A).For the CSTRC to soonest accept plea bargain convicts-probationers with recommended residential rehabilitation, without prejudice to their cost-sharing if capable and to securing funding to cover costs and fees from DOH, other government and even private sources. The soonest acceptance for residential rehabilitation is intended to avoid undue delays in the disposition of probation applications granted due course, given the ideal of co-related or simultaneous drug rehabilitation in the context of criminal reformation through a probation program (thus, necessitated a degree of cooperation and coordination and communication between the CSTRC and the concerned probation offices).


This is also intended to sooner declog the concerned jails of waiting plea bargain convicts-probationers with recommended residential rehabilitation at and for transfer to the CSTRC.
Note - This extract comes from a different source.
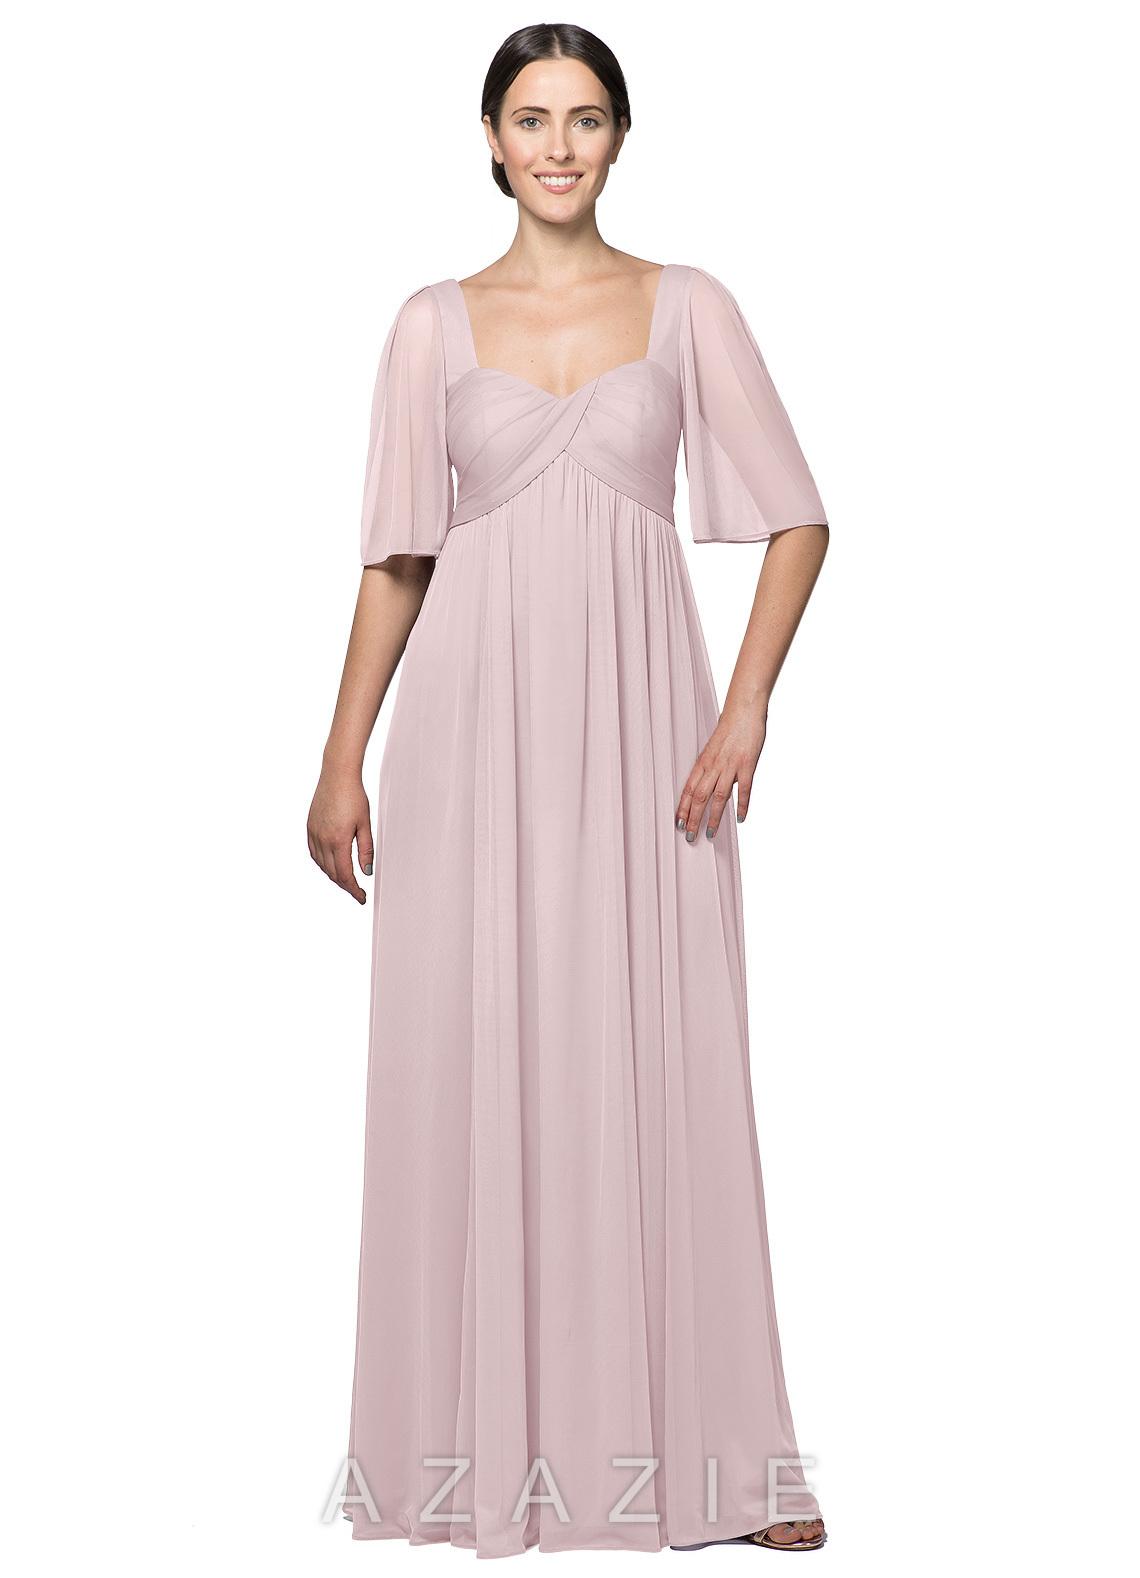 127bcc1b8f1 Azazie Carling Bridesmaid Dress

b) For the Naga City and Camarines Sur provincial governments to soonest undertake proactive budgetary outlays and reactive discretionary fund disbursement to cover costs and fees of the CSTRC for residential rehabilitation of plea bargain convicts-probationers with recommended residential rehabilitation, especially those who are indigent, as most appear to be. The CSTRC would best soonest provide an indicative budget or funding proposal to both the provincial and city governments, including the Nsga City Dangerous Drugs Board (NCDDB).


c) For the Naga City Justice Zone, when ready to resume functioning in the “new normal,” to soonest agenda this matter of needed funds to cover costs and fees of the CSTRC for residential rehabilitation of plea bargain convicts-probationers with recommended residential rehabilitation. For this purpose, the CSTRC should be invited to be a member stakeholder of the Justice Zone.


Both Special Resolutions of Santos in the Domingo and Reynancia cases were copy furnished to Chief Justice Alexander G. Gesmundo, aside from the above-mentioned concerned government agencies and offices.


Both resolutions were also furnished to the Naga City mayor and Camarines Sur governor.


Santos also asked the help of the private and NGO sectors.